WHAT IS REQUIRED:
Beneath this instruction is a listing. Transcribe from it only the stretch from the line with "Desa (V)T32EN installation" through the line with "LockDown anniversaire 2020", both end lines included, exactly as written.

DATA RECORDS:
-------------------------
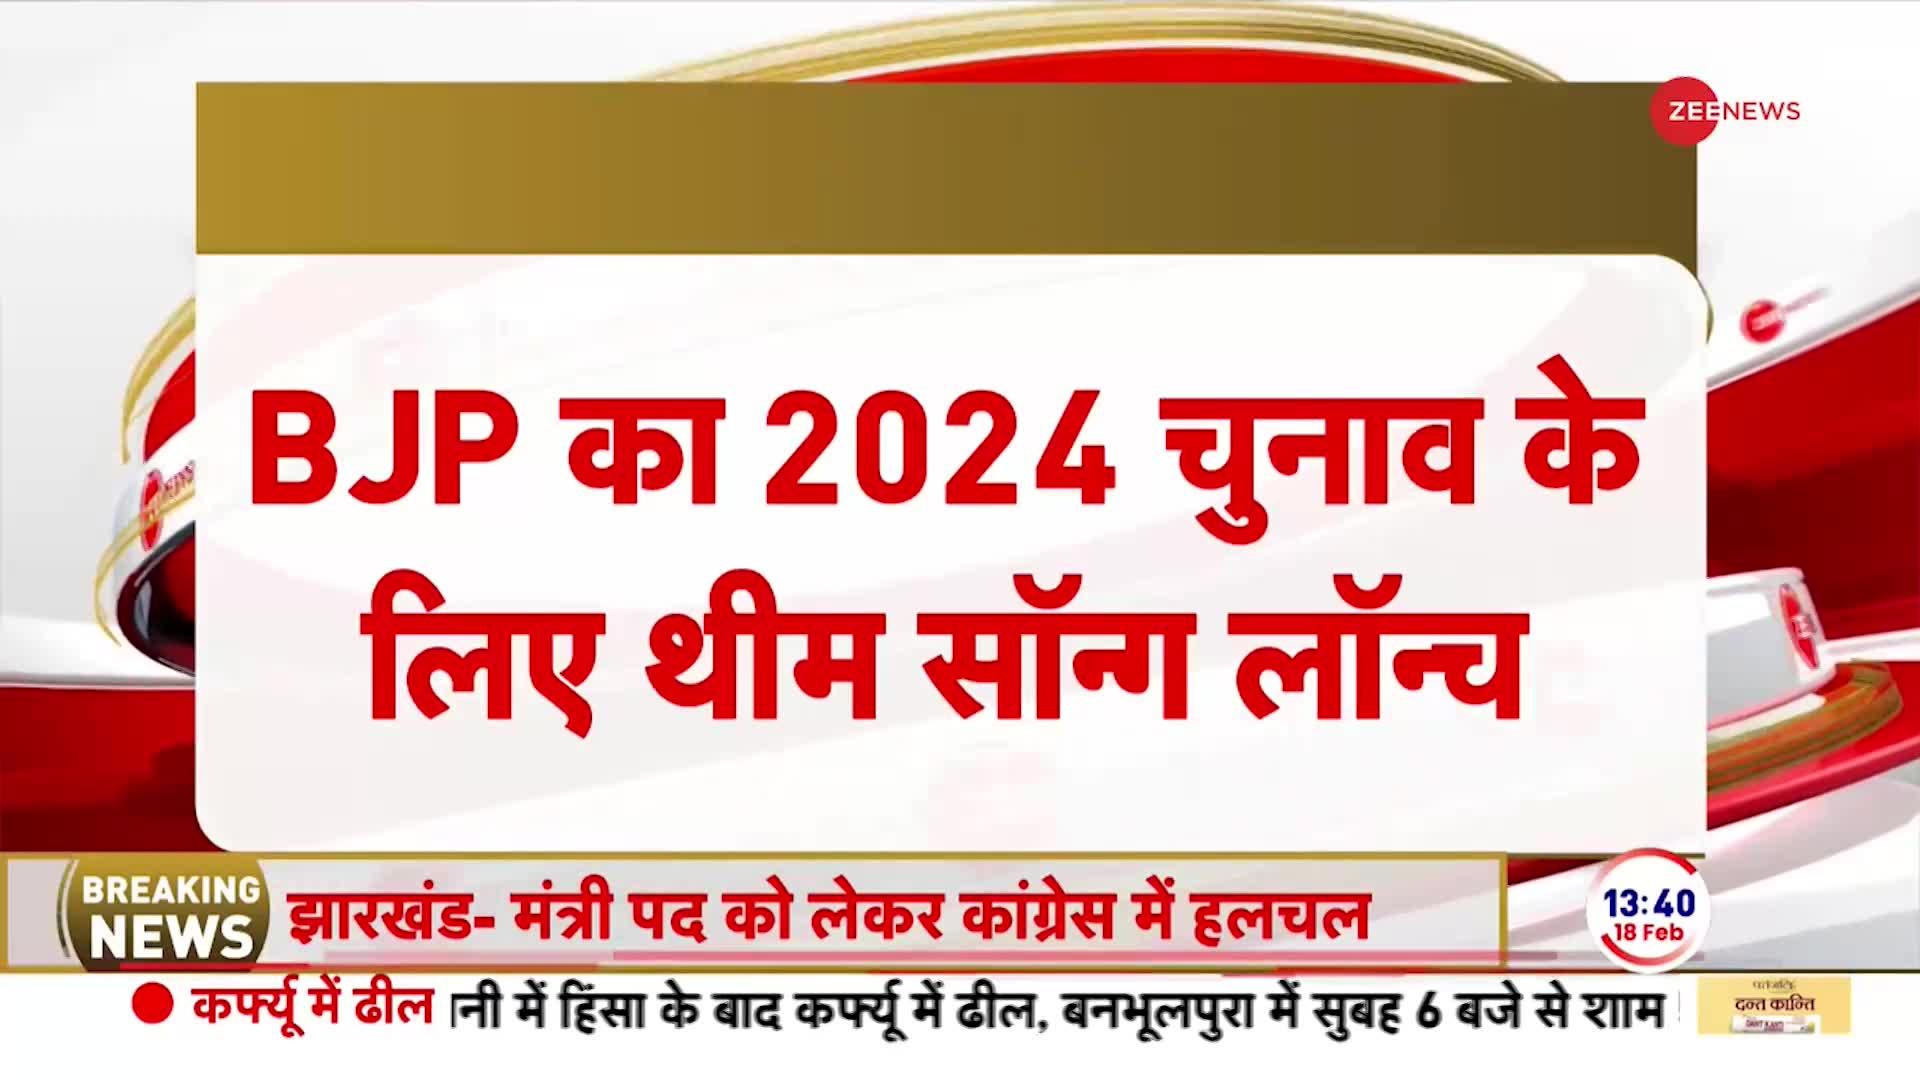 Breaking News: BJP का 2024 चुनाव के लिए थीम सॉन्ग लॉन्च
-------------------------
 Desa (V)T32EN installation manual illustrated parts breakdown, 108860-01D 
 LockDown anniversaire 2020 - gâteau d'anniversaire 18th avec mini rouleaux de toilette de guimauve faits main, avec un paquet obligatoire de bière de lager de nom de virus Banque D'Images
-------------------------
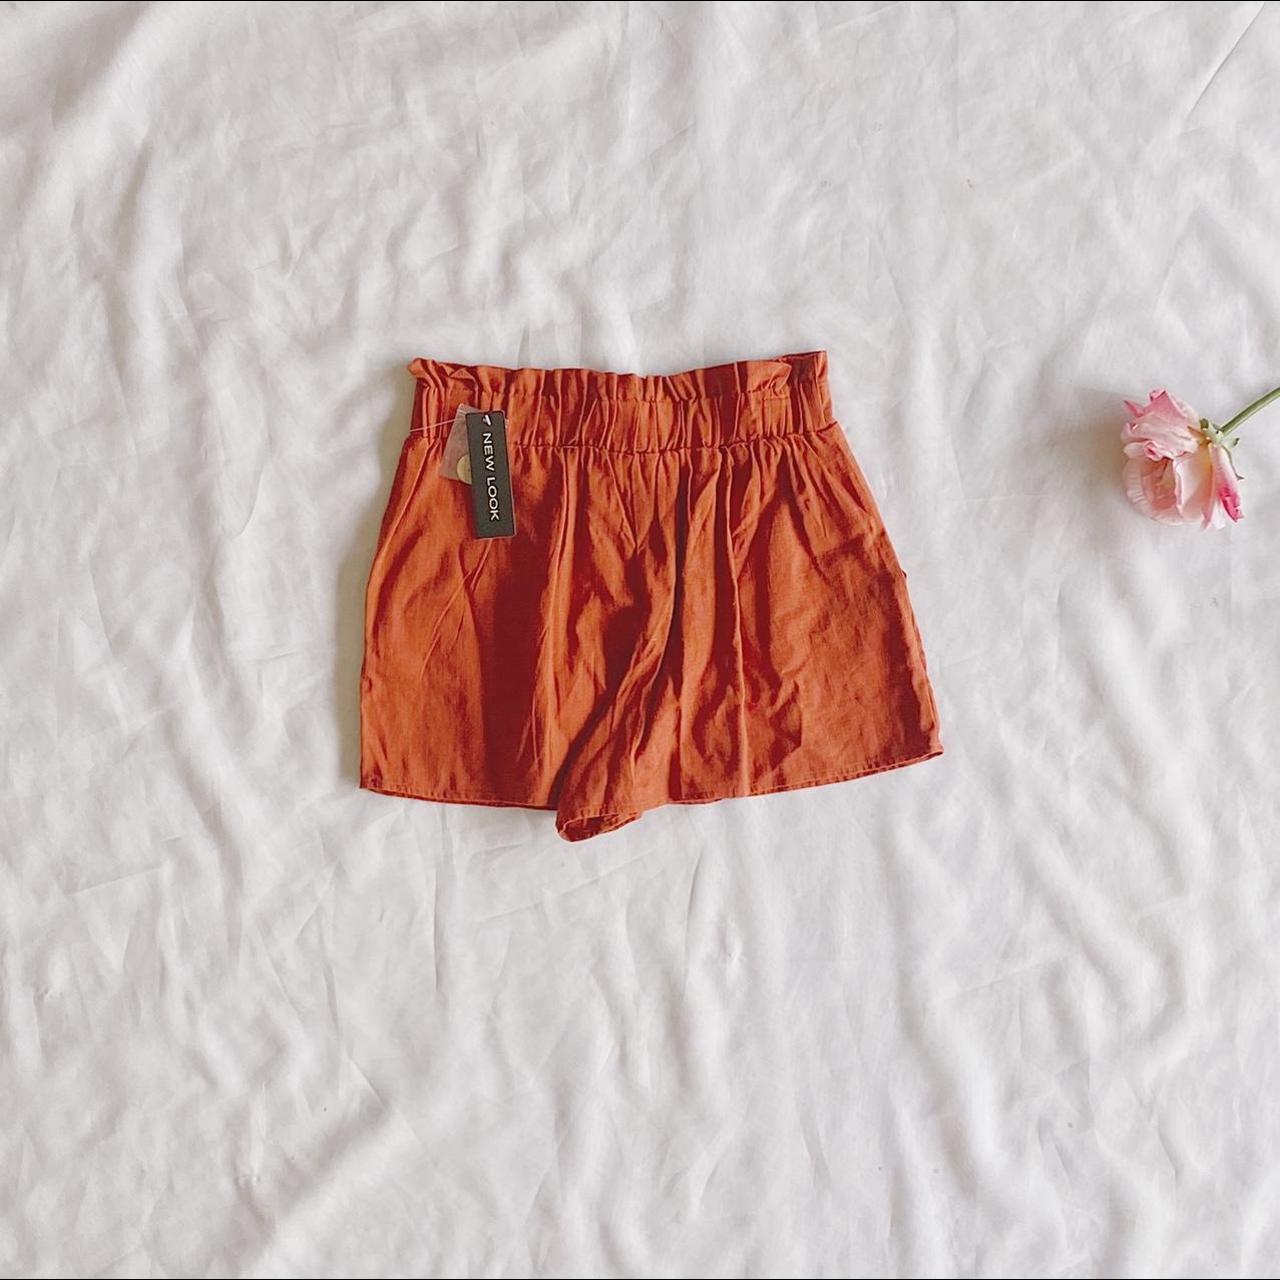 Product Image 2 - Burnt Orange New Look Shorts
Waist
-------------------------
REPLY:
 Desa (V)T32EN installation manual illustrated parts breakdown, 108860-01D 
 LockDown anniversaire 2020 - gâteau d'anniversaire 18th avec mini rouleaux de toilette de guimauve faits main, avec un paquet obligatoire de bière de lager de nom de virus Banque D'Images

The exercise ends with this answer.